Global Med designs, develops, markets and supports information management software products for blood banks, hospitals, centralized transfusion centers, laboratories and other health care related facilities.

We sell various core products and their related components through our Wyndgate division: SafeTrace®, SafeTrace Tx®, and our ElDorado™ product suite. SafeTrace is used by blood centers and hospitals to track blood donations. SafeTrace Tx is used primarily by hospitals and centralized transfusion services to help insure the quality of blood transfused into patient-recipients. Both products are designed to help the users comply with quality and safety standards of the FDA for the collection and management of blood and blood products. ElDorado DonorTM is intended as a comprehensive blood management software application designed to provide for the information system needs of donor centers and hospitals. Donor Doc™ is an electronic history questionnaire that assists in the blood donor screening process.

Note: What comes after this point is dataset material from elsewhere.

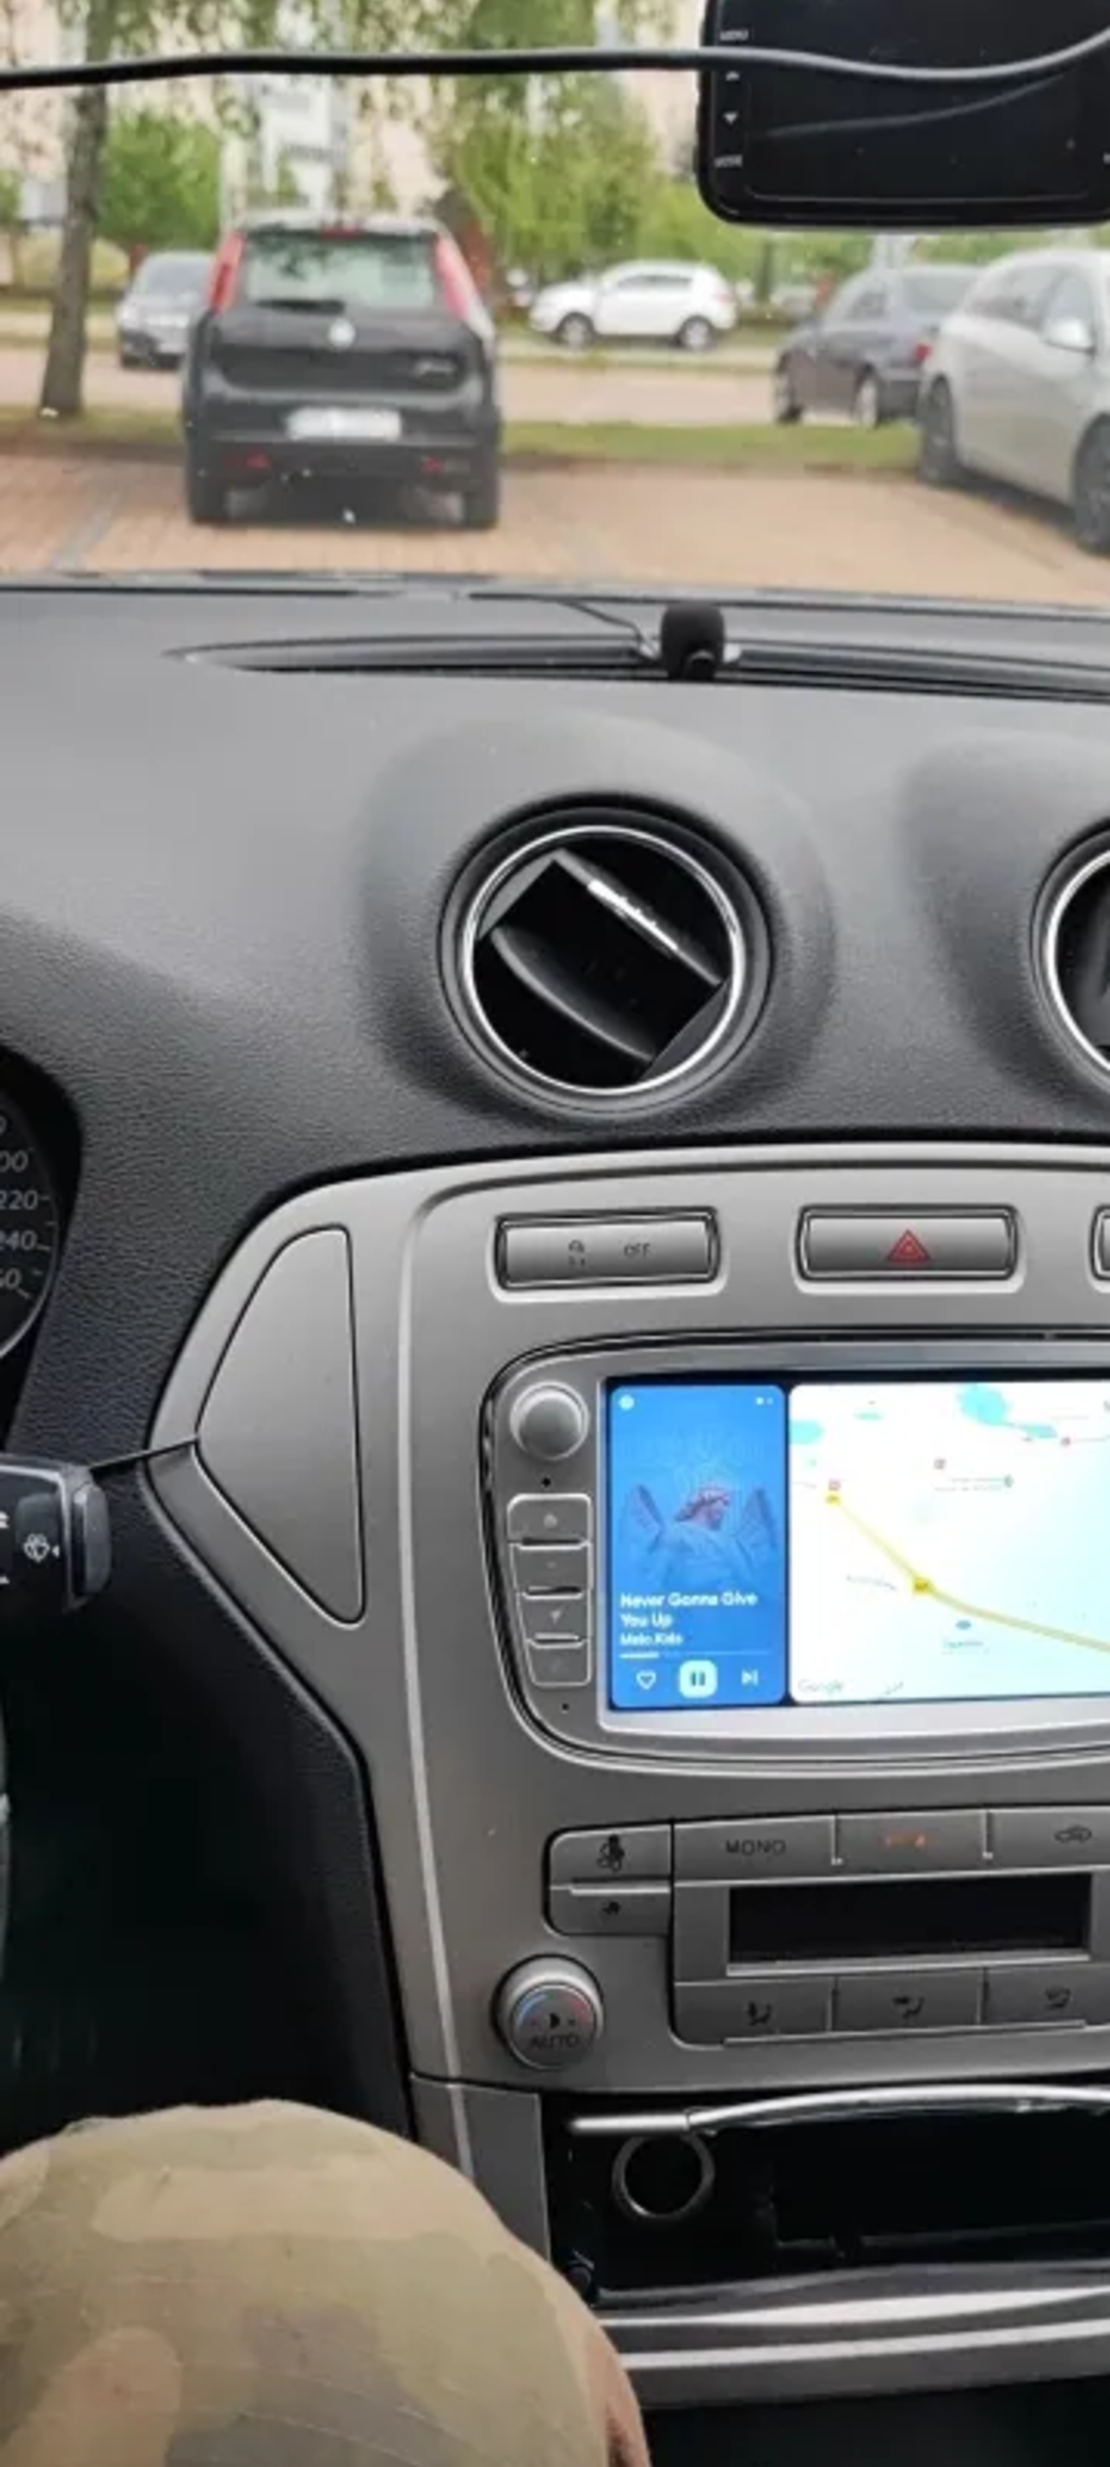 Ford/Mondeo/Focus/S-Max Android Multimedia/Navigation

We acquired our Inlog S.A. subsidiary on June 26, 2008 for $10.964 million in a combination of cash and stock. We are also contingently obligated to pay up to $1.481 million in earn out consideration over the next five years. Inlog has been developing, implementing, and supporting its blood bank and laboratory information management solutions since 1992 and currently supplies over 800 sites in 15 countries with its products. Its product line consists of five primary products: EdgeBlood (for the donor center market), EdgeTrace (for the hospital transfusion market), EdgeLab (a laboratory information system "LIS"), EdgeCell (cellular therapy for tissue banks, stem cell centers and cord blood centers) and SAPA (a regulatory compliance and document management solution). Inlog recently completed the national installation of its EdgeBlood product in France where all of France's 2.5 million annual blood donations are transacted through EdgeBlood including blood collections, infectious disease testing, component manufacturing and distribution. In addition to France, Inlog has software applications in Germany, Austria, Belgium, Switzerland, Greece and Monaco, among other countries.

Our eDonor™ product, which we acquired on August 1, 2008 with the acquisition of substantially all of the assets of Blueridge Solutions, L.C., for $3.5 million in cash and the issuance of $1.5 million of our common stock, is a web-based donor relationship management system that integrates recruitment, scheduling, retention and fulfillment for blood donation centers of all sizes. As of September 30, 2009, eDonor was in use at 91 sites.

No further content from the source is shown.